My smart home finally redeemed itself (what a relief), once my network connection was restored.  My experience as a smart homeowner has, however, evoked a number of provocative questions.  Does owning a smart home actually minimize stress and give us peace of mind?  Or, does smart home ownership increase obsessive-compulsive behavioral tendencies and proliferate the so-called technology obsession we all have with our smart phones and smart devices?  Such philosophical questions beg one to ask yet another relevant question.  Are we really controlling our connected things or are they controlling us?  Decidedly or not, the love-hate relationship begins.  Humor aside, connected things are on the rise, and the smart home epidemic is gaining traction.  Our smart homes, smart cars and smart cities will outsmart us one day, like it or not.

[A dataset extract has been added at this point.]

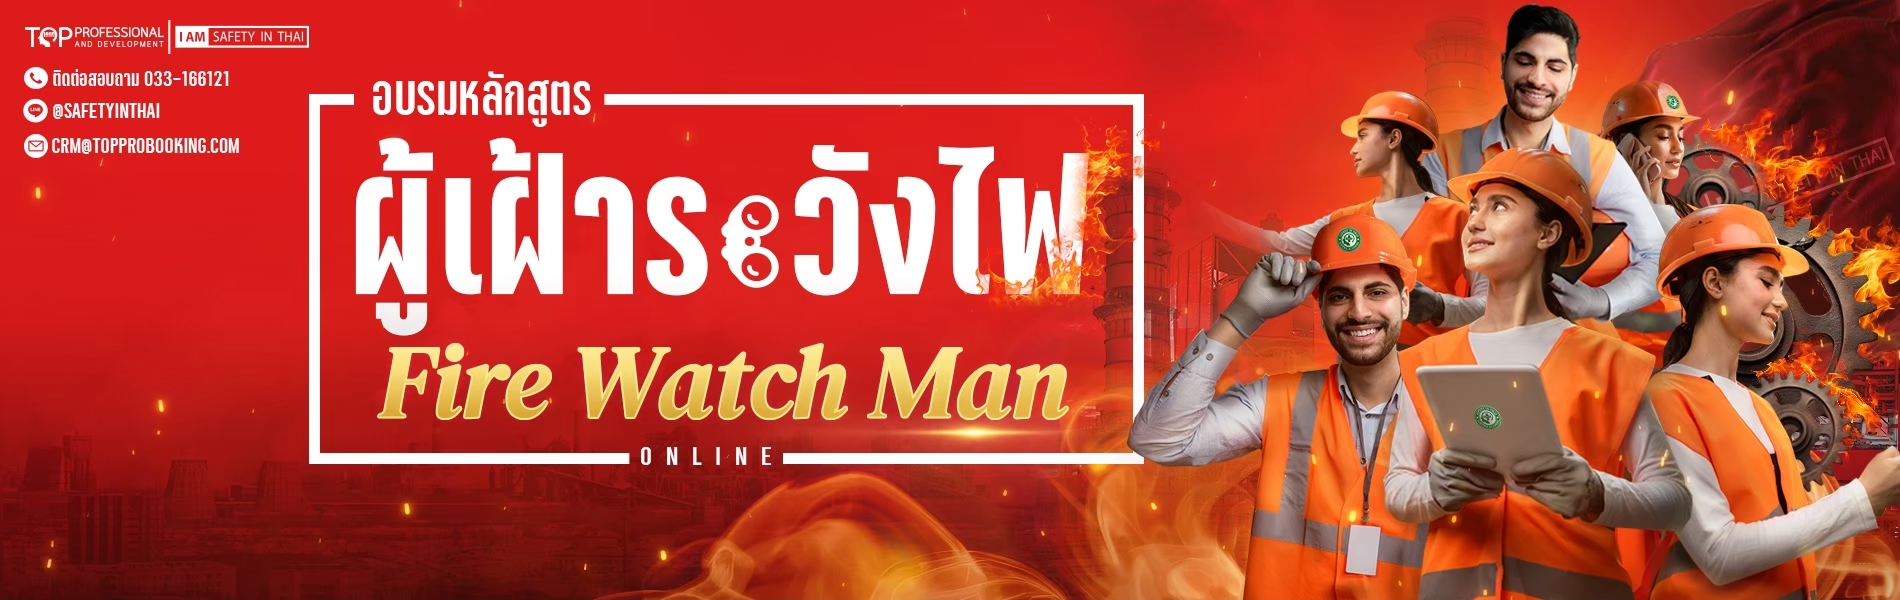 Fire Watch Man
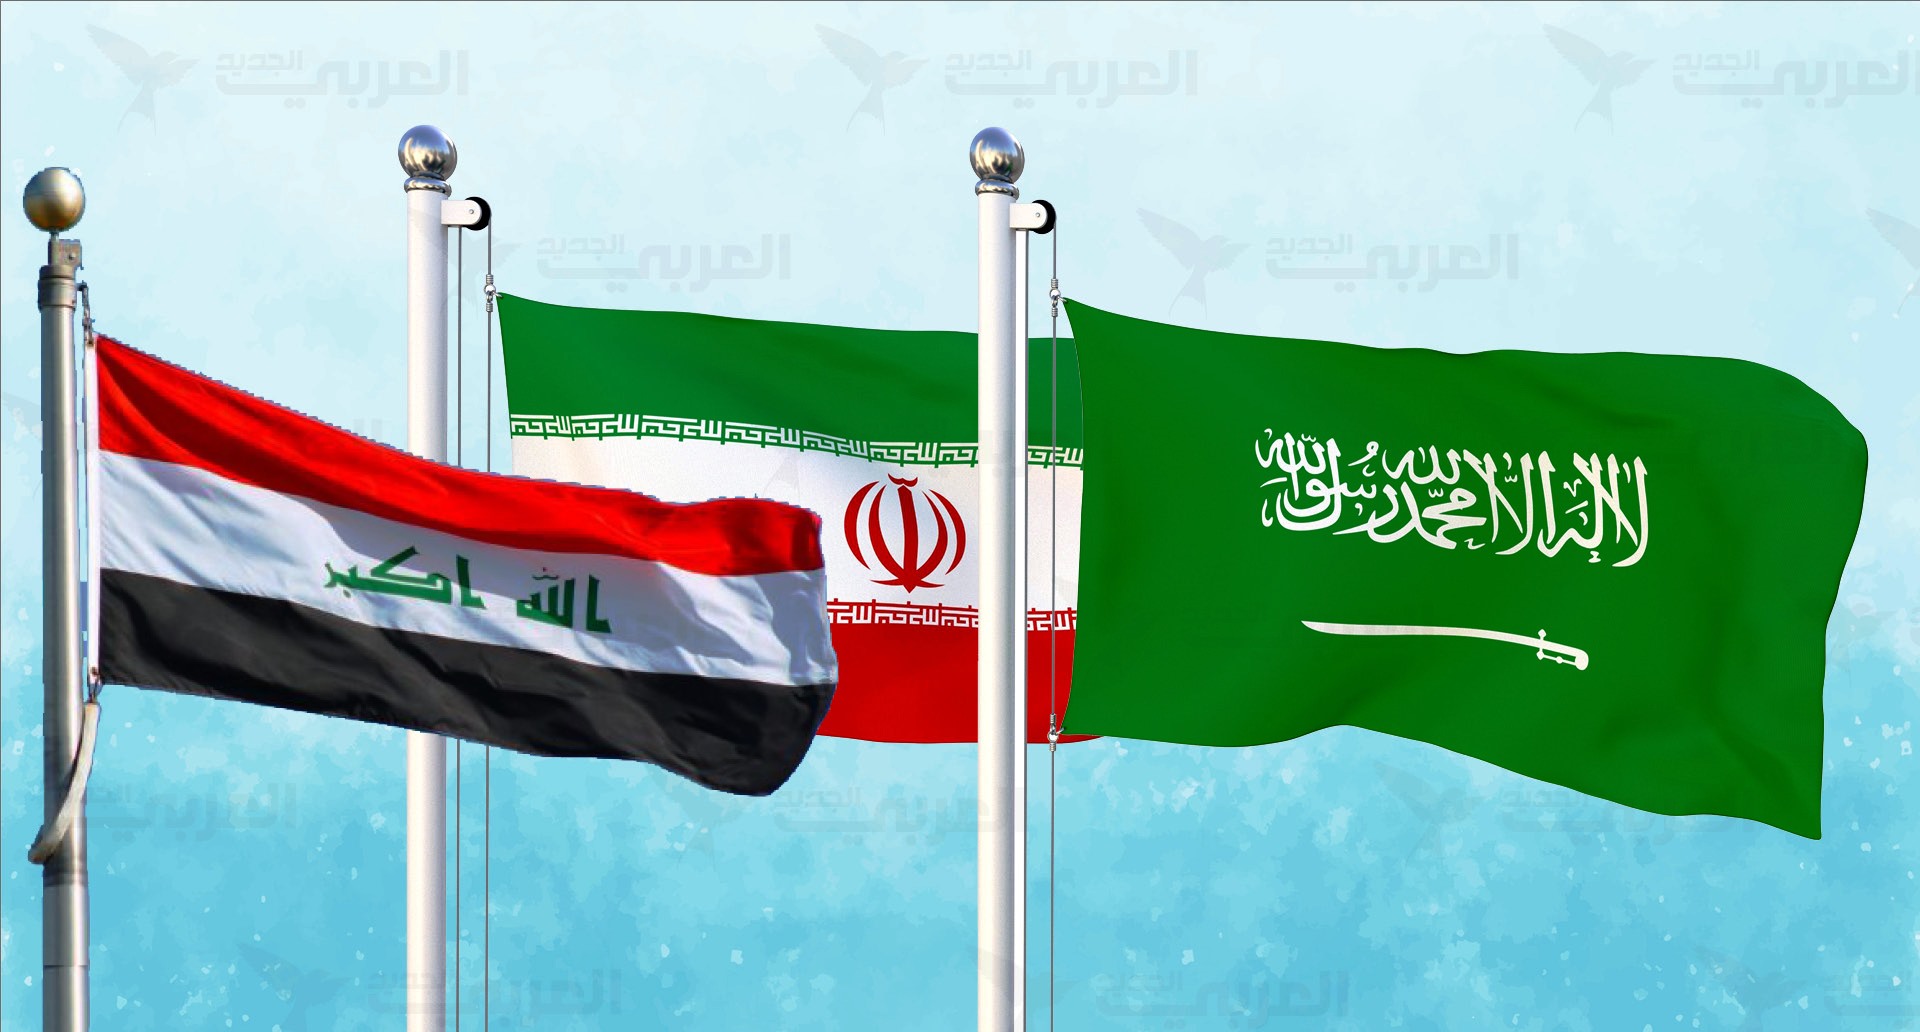 بعد احتضانه محادثات سعودية إيرانية.. توقعات بلعب العراق دوراً لاحتواء الاحتقان الإقليمي

I now have a new edition to my smart home family.  Her name is Alexa.  Alexa is smart, polite, witty, entertaining and even sarcastic at times.  All good qualities for an artificially intelligent companion and smart home device.  Unfortunately, she doesn’t always follow directions or have the answers I need.  Of course, there are trade-offs with technological innovation, so I’m willing to compromise.  Time will tell, but Alexa is quickly becoming another asset (or habitual compulsion) in my smart home repository.

All connected things considered, I have come to love my smart home and to realize that a smart home is a happy home (most of the time).  If my smart home saves time, money and energy, while also providing comfort, security and entertainment, that makes me happy.  Finding balance is the key and with the right key you will open many doors, smart or otherwise.